If I pass the same code to https://godbolt.org, select x86-64 gcc-11.1
and options -O3 -march=haswell
, I get the following assembly code:
.L3:
vmovaps ymm1, YMMWORD PTR [rbp-4112+rax]
vaddps ymm0, ymm1, YMMWORD PTR [rbp-8208+rax]
vmovaps YMMWORD PTR [rbp-8240], ymm1
vmovaps YMMWORD PTR [rbp-8208+rax], ymm0
add rax, 32
cmp rax, 4096
jne .L3
One surprising thing is the different address handling, but the thing that confuses me completely is the additional store to [rbp-8240]
. This location is never used again, as far as I can see.
If I select gcc 7.5
on godbolt, the superfluous store disappears (but from 8.1 upwards, it is produced).
So my questions are:
Thanks a lot for your help!
The difference-maker is -fpie
, which is on by default in most distros but not Godbolt. This doesn't make a lot of sense, but compilers are complex pieces of machinery, not "smart".
It's not specific to -march=haswell
or AVX either; the same difference happens with just -O3
.
Godbolt configures GCC with simpler options than distros, e.g. without default-pie, and without -fstack-protector-strong
. To match Godbolt locally, use at least -fno-pie -no-pie -fno-stack-protector
. There might be others I'm forgetting about.
IDK why this would trigger or avoid a missed-optimization, but I can confirm it does on my Arch GNU/Linux system with GCC 11.1.
Locally with gcc -O3 -march=haswell -fno-stack-protector -fno-pie
(and -masm=intel -S -o- vec.c | less
) it matches Godbolt:
.L3:
vmovaps ymm1, YMMWORD PTR [rbp-4112+rax]
vaddps ymm0, ymm1, YMMWORD PTR [rbp-8208+rax]
vmovaps YMMWORD PTR [rbp-8240], ymm1
vmovaps YMMWORD PTR [rbp-8208+rax], ymm0
add rax, 32
cmp rax, 4096
jne .L3
But with distro-configured GCC defaults from -O3 -march=haswell
:
.L3:
vmovaps ymm1, YMMWORD PTR [r12]
vaddps ymm0, ymm1, YMMWORD PTR [rax]
add r12, 32
add rax, 32
vmovaps YMMWORD PTR -32[r12], ymm0
cmp r12, r13
jne .L3
The same missed-opt happens without -march=haswell
; we get a movaps XMMWORD PTR [rsp], xmm1
store to a fixed address inside the loop. (Since GCC doesn't need to over-align the stack to spill a 32-byte vector, it didn't use RBP as a frame pointer.)
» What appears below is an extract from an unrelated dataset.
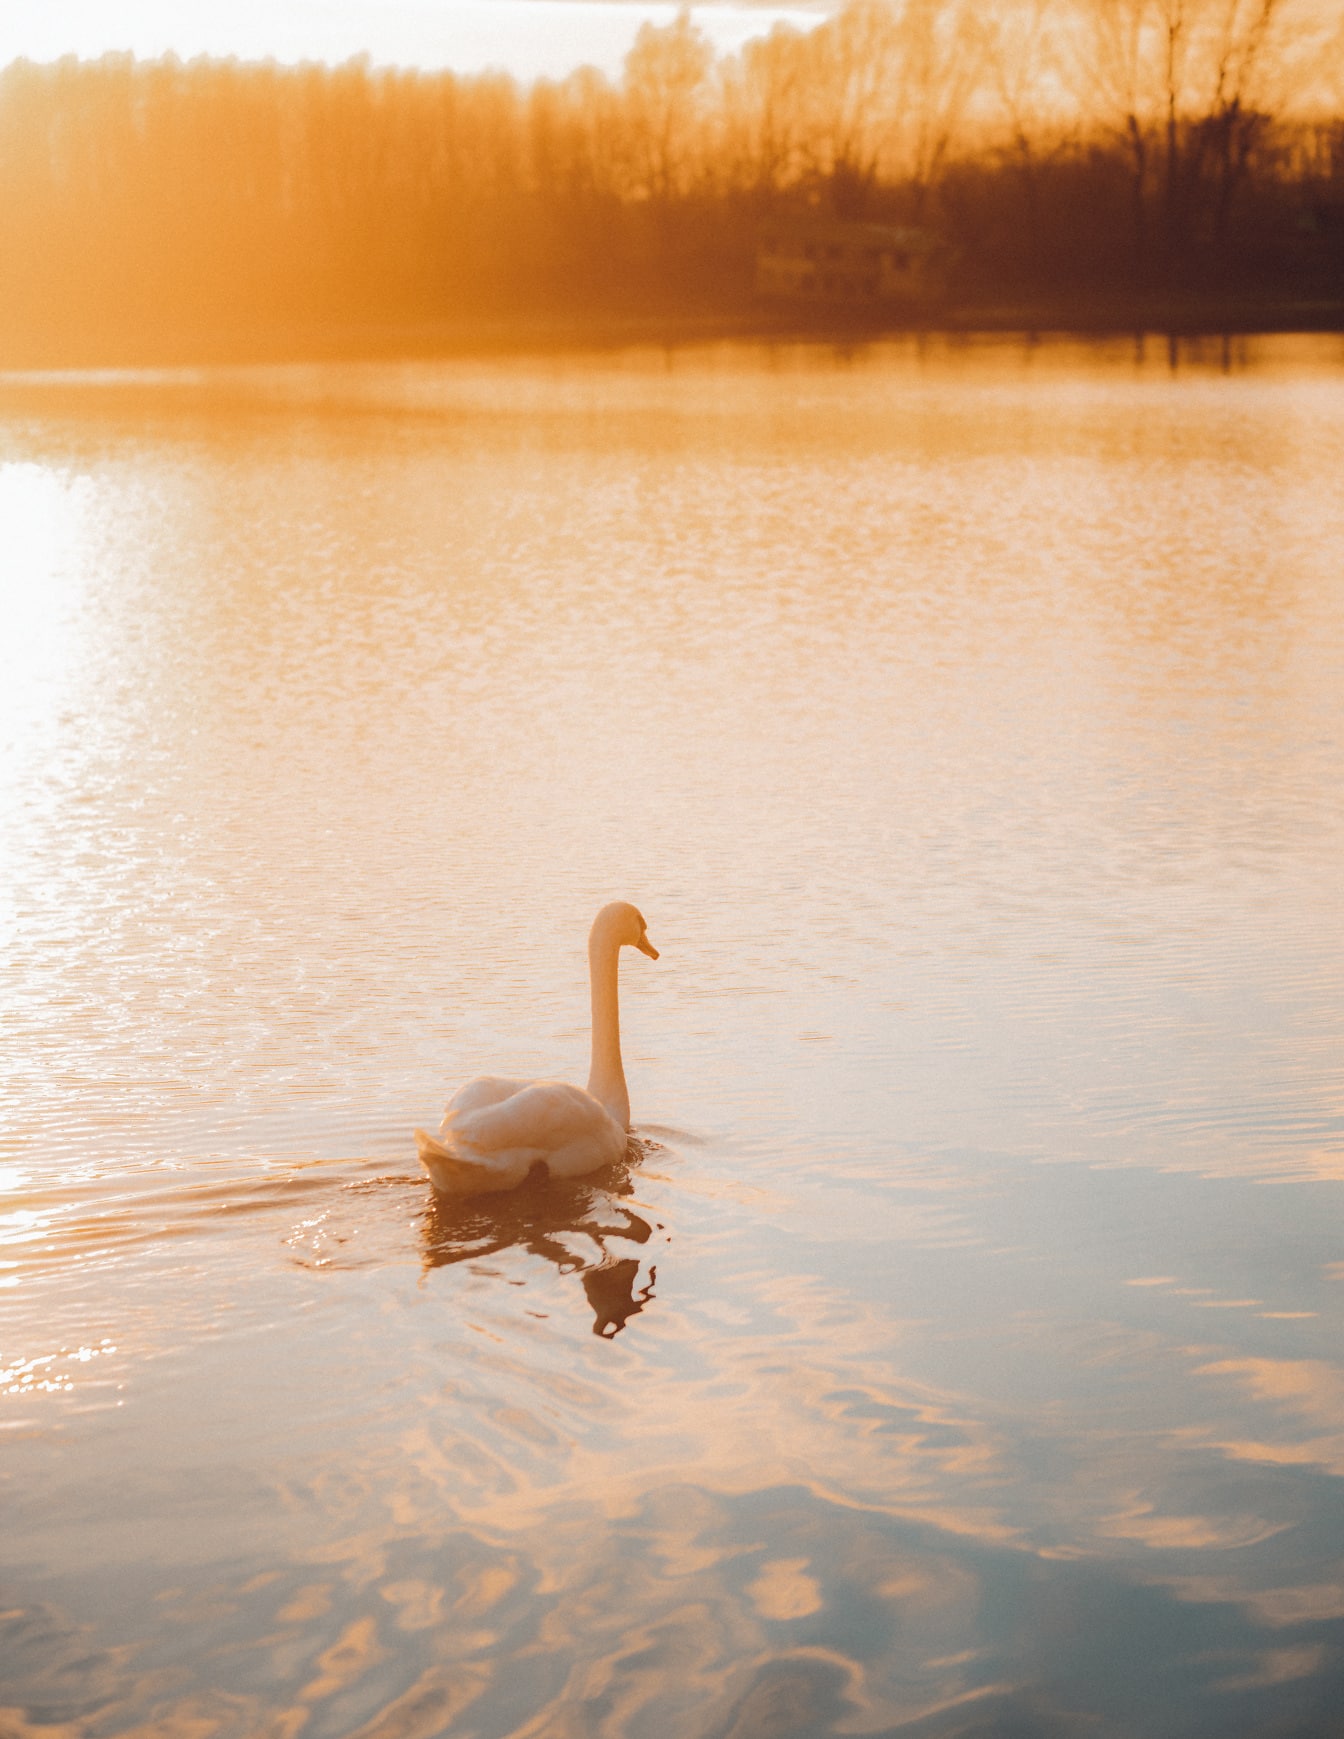 Swan swimming on lake in bright sunny sunset

For no apparent reason, using -fpie
on the Godbolt compiler explorer gets GCC to use two pointer increments instead of indexed addressing modes, also avoiding the redundant store. (Making the same asm you get locally). -fpie
forces GCC to do that for arrays in static storage (because [arr + rax]
would require the symbol address as a 32-bit absolute: 32-bit absolute addresses no longer allowed in x86-64 Linux?)
You can and should report this on GCC's bugzilla with the keyword "missed-optimization".